Bound States in Continuum via Singular Transfer Matrices

TL;DR

This paper introduces an analytical approach using transfer matrices to better understand and design bound states in continuum in photonic devices, bridging exact formulas with numerical data.

Contribution

It presents a novel method that combines exact analytical transfer matrix formulas with numerical data to analyze BICs in non-homogeneous thin laminae devices.

Findings

Bound states in continuum are linked to the null space of the transfer matrix.

Analytical formulas help identify geometric parameters and frequency bands for BICs.

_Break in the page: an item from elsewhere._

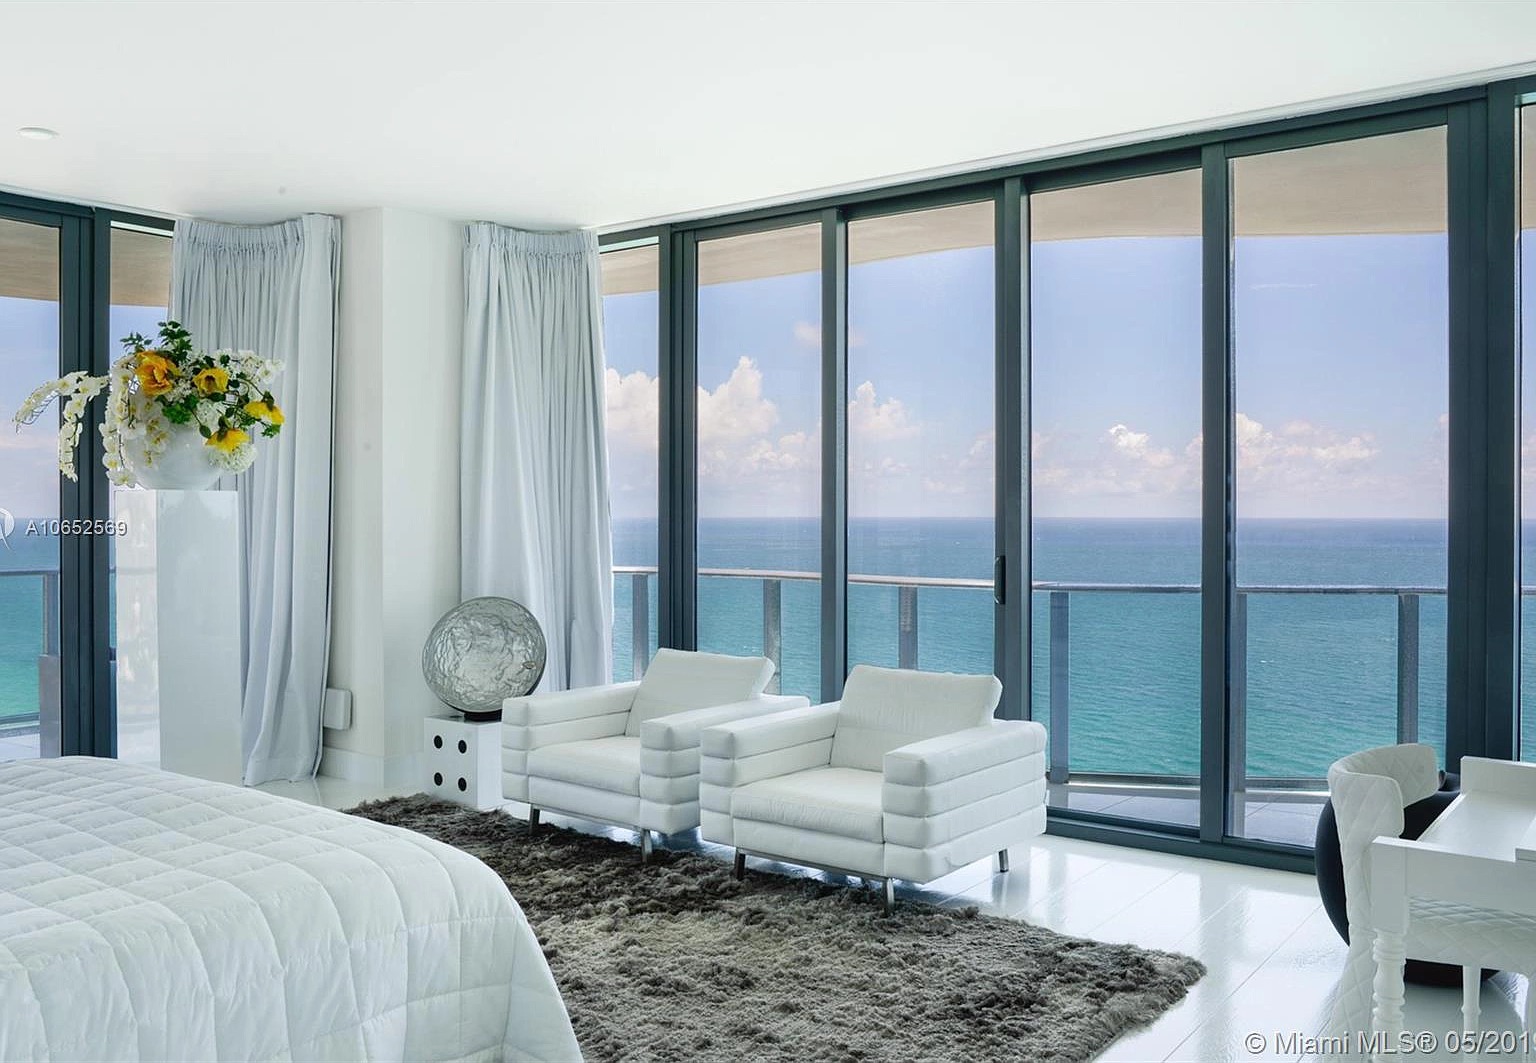 19575 Collins Ave UNIT 30, Sunny Isles Beach, FL 33160 - $15,000,000 home for sale, house images, photos and pics gallery
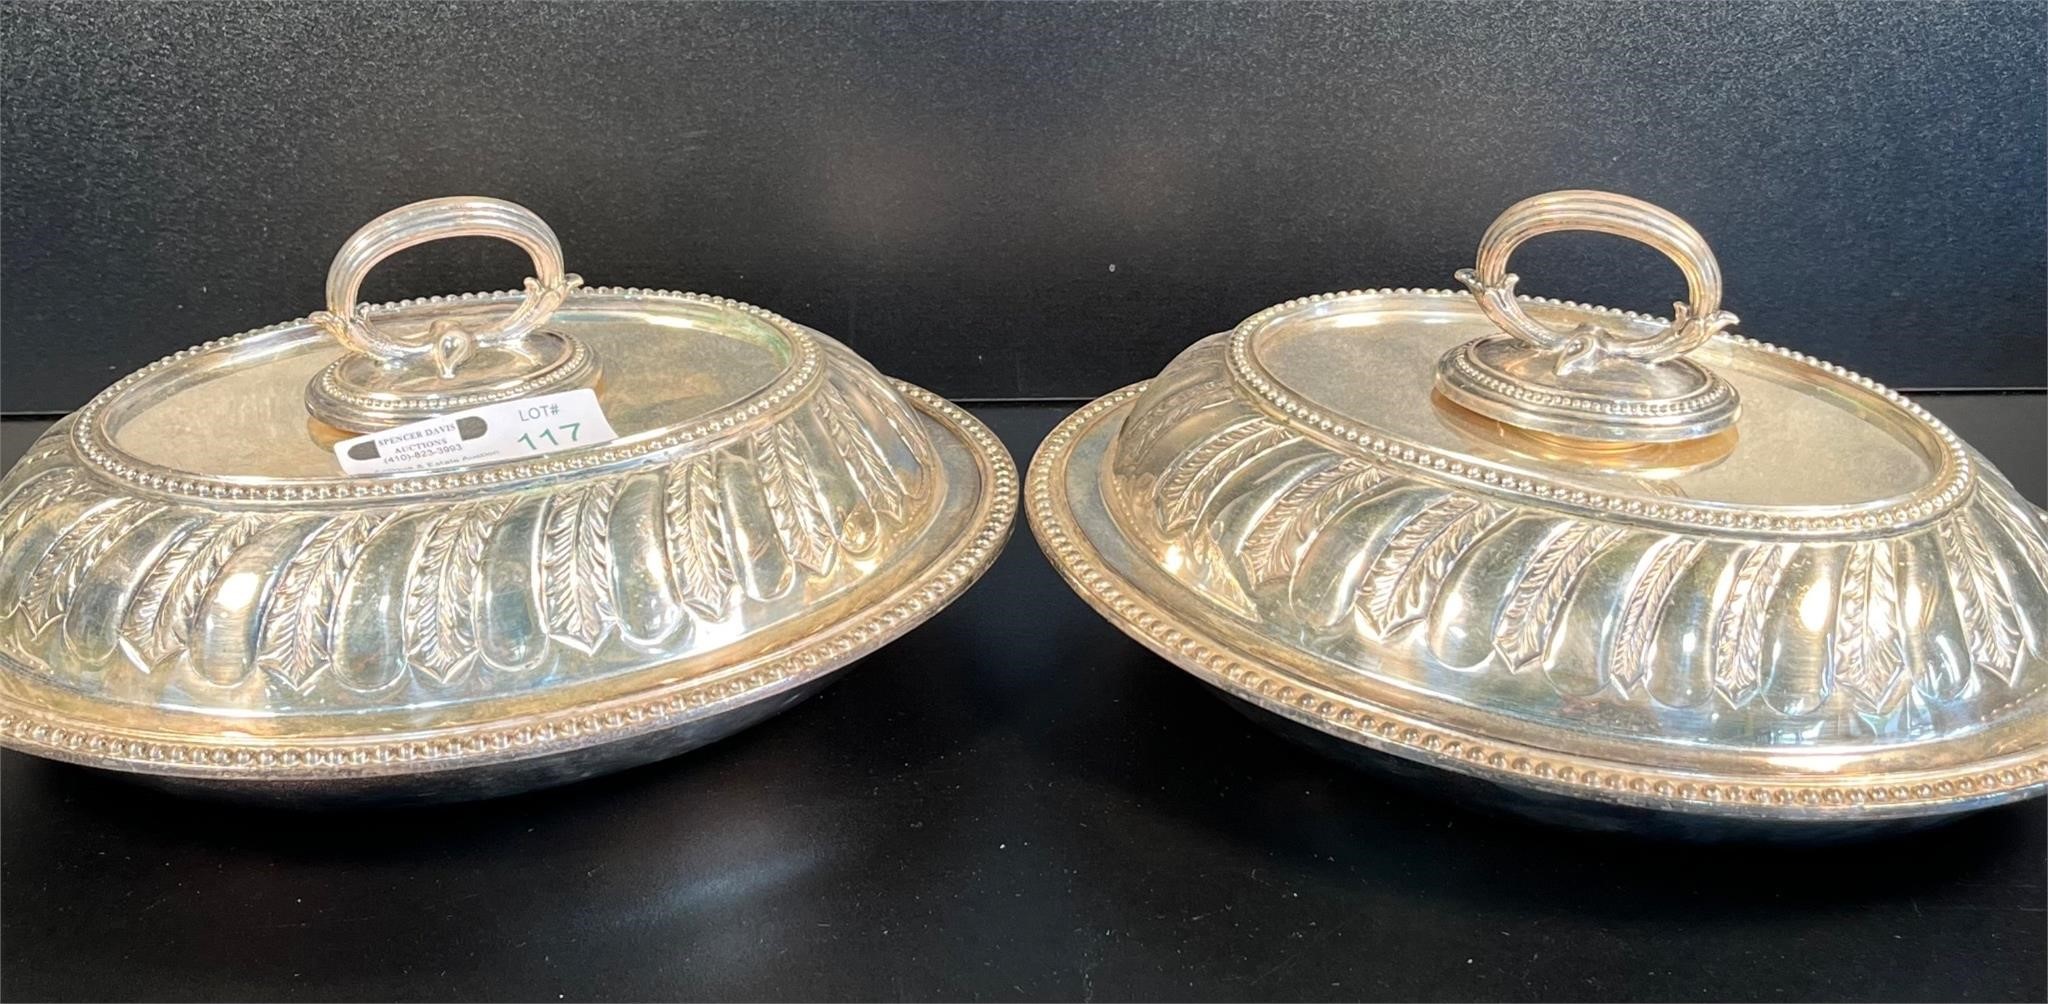 2 Oval Plated Covered Casserole Dishes

The approach enhances understanding of BIC origins and supports practical device design.

Abstract

In recent years, bound states in continuum (BICs) have gained significant value for practitioners in both theoretical and applied photonics. This paper focuses on devices that utilize non-homogeneous thin patterned laminae. The properties, design principles, and behavior of BICs for this class of devices are frequently explained through a variety of models, ranging from numerical or semi-analytical solutions for the Maxwell equations to heuristic approaches that rely on fitting functions to provide phenomenological descriptions. The field of devices under study has given less attention to approaches that integrate exact analytical solutions of the transfer matrix with numerical data. In this vein, this paper aims to adopt an approach where exact analytical formulas, detailed in our previous manuscript arXiv:2303.06765 (2023), are translated into equations to explore the origins and properties of the bound states in continuum, as well as their practical implementation. The geometric parameters of the device and its operating frequency band emerge from the null space of the transfer matrix.